Cash flow and working capital. Net cash provided by operating activities for the nine months ended September 30, 2007 was $472.7 million, compared to $351.5 million for the comparable period in 2006. Net cash used in investing activities totaled $274.0 million and $1.5 billion during the first nine months of 2007 and 2006, respectively, which primarily represents our investment in oil and gas properties. Included in the 2006 amount is approximately $1.1 billion, which represents the adjusted purchase price of properties acquired by merger in the Kerr-McGee transaction which was completed in August 2006. During the first nine months of 2007, the Company reduced debt by $37.8 million and increased cash by $148.6 million. Cash provided by operations, borrowings available under our revolving loan facility and other external sources of liquidity should be sufficient to fund our ongoing cash requirements. At September 30, 2007, we had $300.0 million of undrawn capacity available under the revolving portion of the Third Amended and Restated Credit Agreement (the “Credit Agreement”). On November 6, 2007, the Credit Agreement was amended to provide for, among other things, an increase in the capacity available under our revolving loan facility to $500.0 million from $300.0 million. For a discussion of our debt offering and payments made under the Credit Agreement, see Long-term debt below.

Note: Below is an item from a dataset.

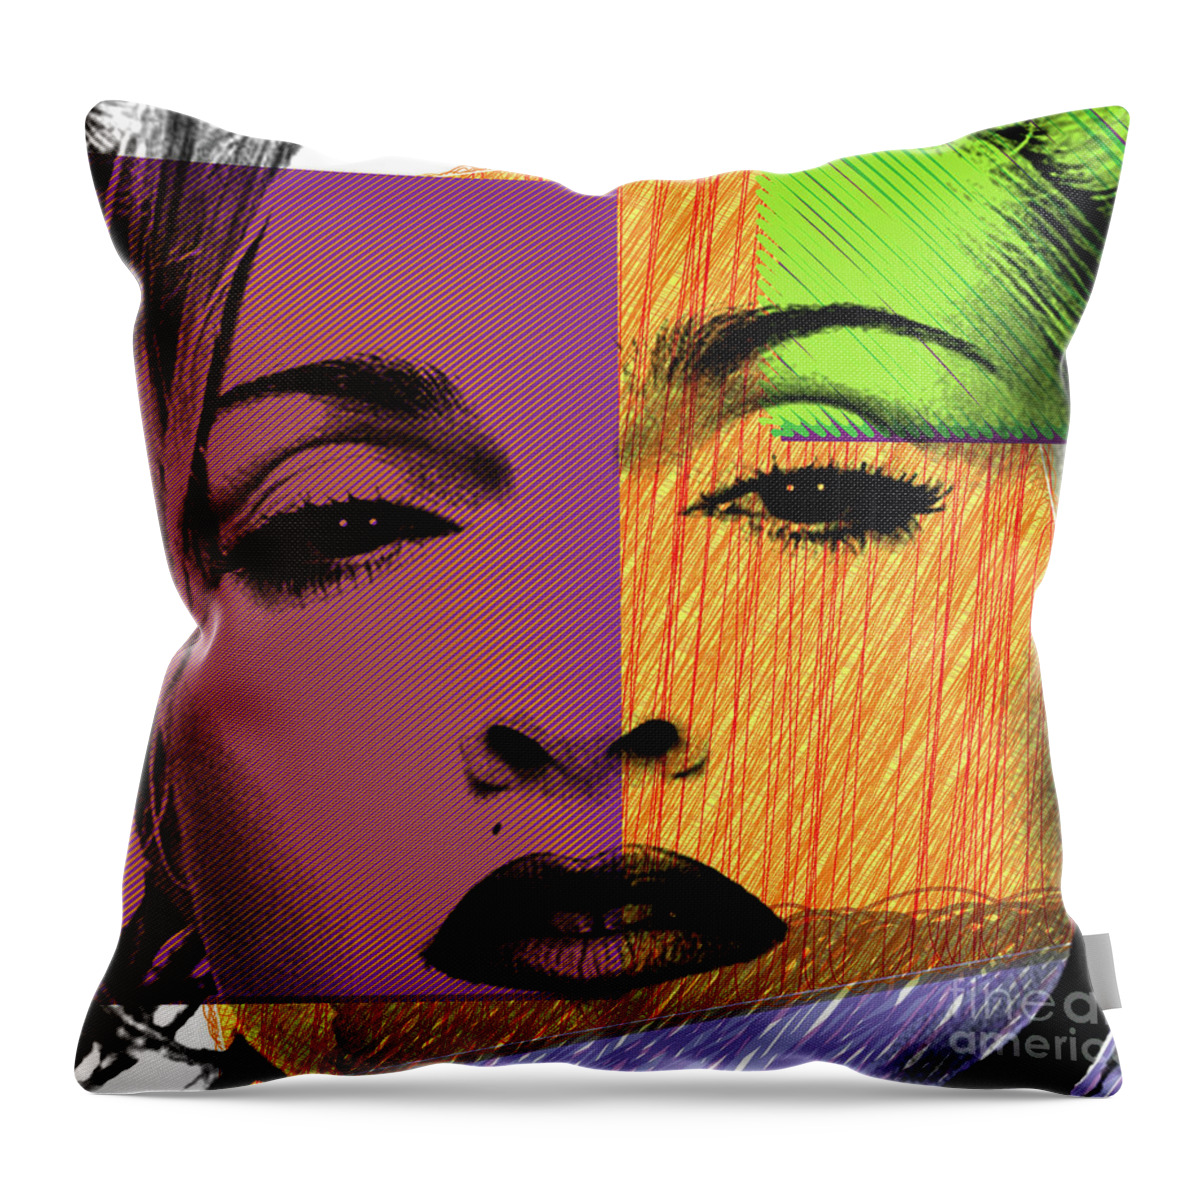 Madonna Throw Pillow featuring the digital art Madonna 1 by Mark Ashkenazi

Under the terms of the Credit Agreement, we are subject to various financial covenants calculated as of the last day of each fiscal quarter. As of September 30, 2007, we were in compliance with such financial covenants and we expect to be in compliance with such covenants throughout the remainder of 2007.

In January 2006, we entered into commodity swap and option contracts (as required by the Credit Agreement) relating to approximately 14 Bcfe, or 14%, of our production in 2006, 18 Bcfe of our anticipated production in 2007 and 11 Bcfe of our anticipated production in 2008. In August 2006, we entered into two interest rate swaps (as required by the Credit Agreement) to hedge the risk associated with the variable LIBOR used to reset the floating rates of our Tranche A and Tranche B term loans. For additional details about our derivatives, refer to Item 1. Financial Statements – Note 5 – Derivative Financial Instruments.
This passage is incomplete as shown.